The third object of the present invention is to make it easy to maintain workability and accurate shape by making the triangular pillar-shaped outer plate in the concave-convex shape (c-shape) in order to improve this. In addition, in this case, the welding to attach the back plate and the front plate is easy because the front and rear face plates are all flat plate type.

Further objects and effects of the present invention will become more apparent from the following detailed description of the invention.

Deuterium lamp according to an aspect of the present invention, in order to achieve the above object of the present invention, is provided with a light emitting portion (2) inside the cylindrical quartz tube (1), the inside of the quartz tube (1) is sealed with deuterium gas As a deuterium lamp, the light emitting part 2 includes a cathode 5 and an anode 6 for discharging, an intermediate plate 12 and a back plate 9 for supporting the anode, and a front panel from which light is emitted. (11) and the arc hole (7), wherein the back plate (9) is a "c" shaped flat plate, characterized in that the intermediate plate 12 forming a closed space with the back plate is also a flat plate .

Deuterium lamp according to another aspect of the present invention to achieve the object of the invention described above, having a light emitting portion (2) inside the cylindrical quartz tube (1), but inside the quartz tube (4) by the lead wire (4) The power supply to the furnace and heat dissipation from the inside of the quartz tube 4 are made, and the inside of the quartz tube 1 is a deuterium lamp sealed with deuterium gas, and the light emitting part 2 discharges the cathode 5 which discharges. And an anode 6, an intermediate plate 12, a back plate 9 supporting the anode, a front plate 11 and an arc hole 7 through which light is emitted, and a pinch surrounding the lead wire 4. It is characterized in that the portion (3) is further provided.
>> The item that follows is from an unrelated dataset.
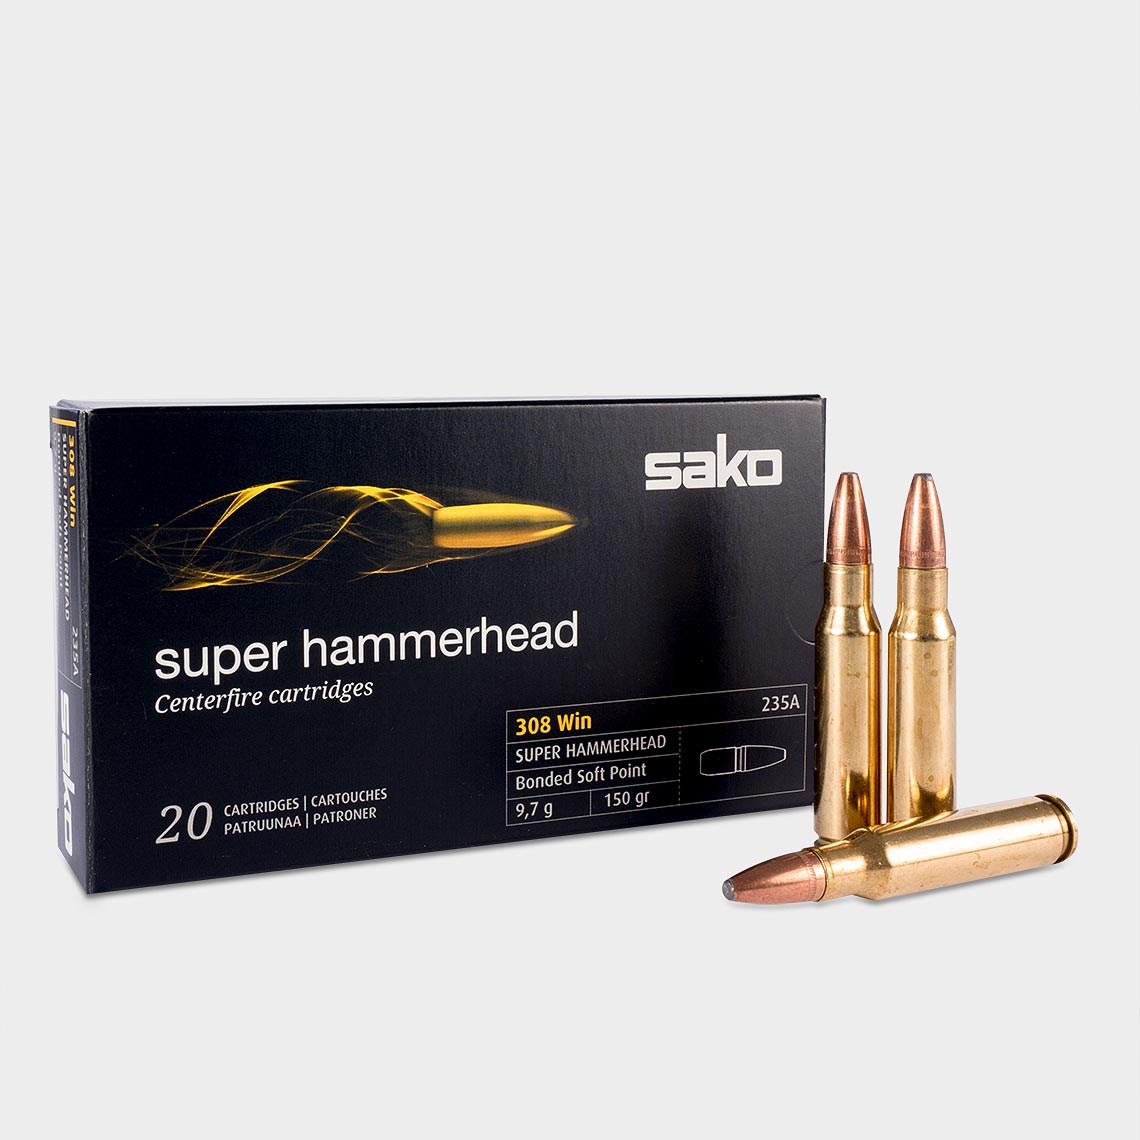 Super Hammerhead - Trustach Shooting Supplies

Preferably, the front plate 11 is also a flat plate of the "c" shape, the flange portion (11b, 9b) that is the portion where both the plates of the front plate 11 and the rear plate 9 meet and are coupled to the plane Characterized in that,

More preferably, the upper and lower flange portions 9a of the rear plate 9 are also characterized in that the portion where the upper plate 13 and the lower plate 14 are assembled is flat.

Further preferably, the diameter of the arc hole 7 is characterized in that 0.5mm ~ 1.0mm.

Above, according to the deuterium lamp according to the present invention, since the intermediate plate is made in the form of a plate (plate), it is easy to work and can reduce the material cost, and adopts a method of pinching several lead wires at the same time, the cathode and the anode It is possible to precise alignment of the light output efficiency is excellent, and the outer plate by the irregular shape (c-shaped) has a number of advantages that the workability is easy and easy to maintain the accurate shape, while the front and rear plate welding work is easy.

Hereinafter, the most preferred embodiment of the present invention will be described in detail with reference to the accompanying drawings.

First, an exemplary embodiment of the present invention will be described in detail with reference to FIGS. 1 to 4.

1 is an overall perspective view and a front view of a deuterium lamp according to the present invention, Figure 2 is an exploded perspective view of the light emitting portion of the deuterium lamp according to the present invention, Figure 3 is a partially assembled perspective view of the light emitting portion of the deuterium lamp according to the present invention, Figure 4 is a plan sectional view of a light emitting part of the deuterium lamp according to the present invention.

First, as shown in (a) of FIG. 1, the light emitting part 2, the pinch part 3, and the lead wire 4 are provided in the quartz tube 1 having a cylindrical shape. It is sealed with several torr of deuterium gas. An arc hole 7 is located in front of the light emitting portion 2 (see FIG. 1B).

The intensity and amount of ultraviolet light emitted vary depending on the material of the quartz tube. Generally, high purity quartz glass (borosilicate) UV glass is used a lot, and synthetic silica or magnesium fluoride (MgF ₂ ) glass is also used. In addition, since transmittance depends on the thickness of a quartz tube, it is preferable to use 1 mm or less normally.

As shown in FIG. 2, the above-described light emitting part 2 includes a cathode (filament, Cathode) 5, an anode 6, an arc hole 7, an intermediate plate 12, and a back plate (anode support part). 9), the front plate 11 and the like.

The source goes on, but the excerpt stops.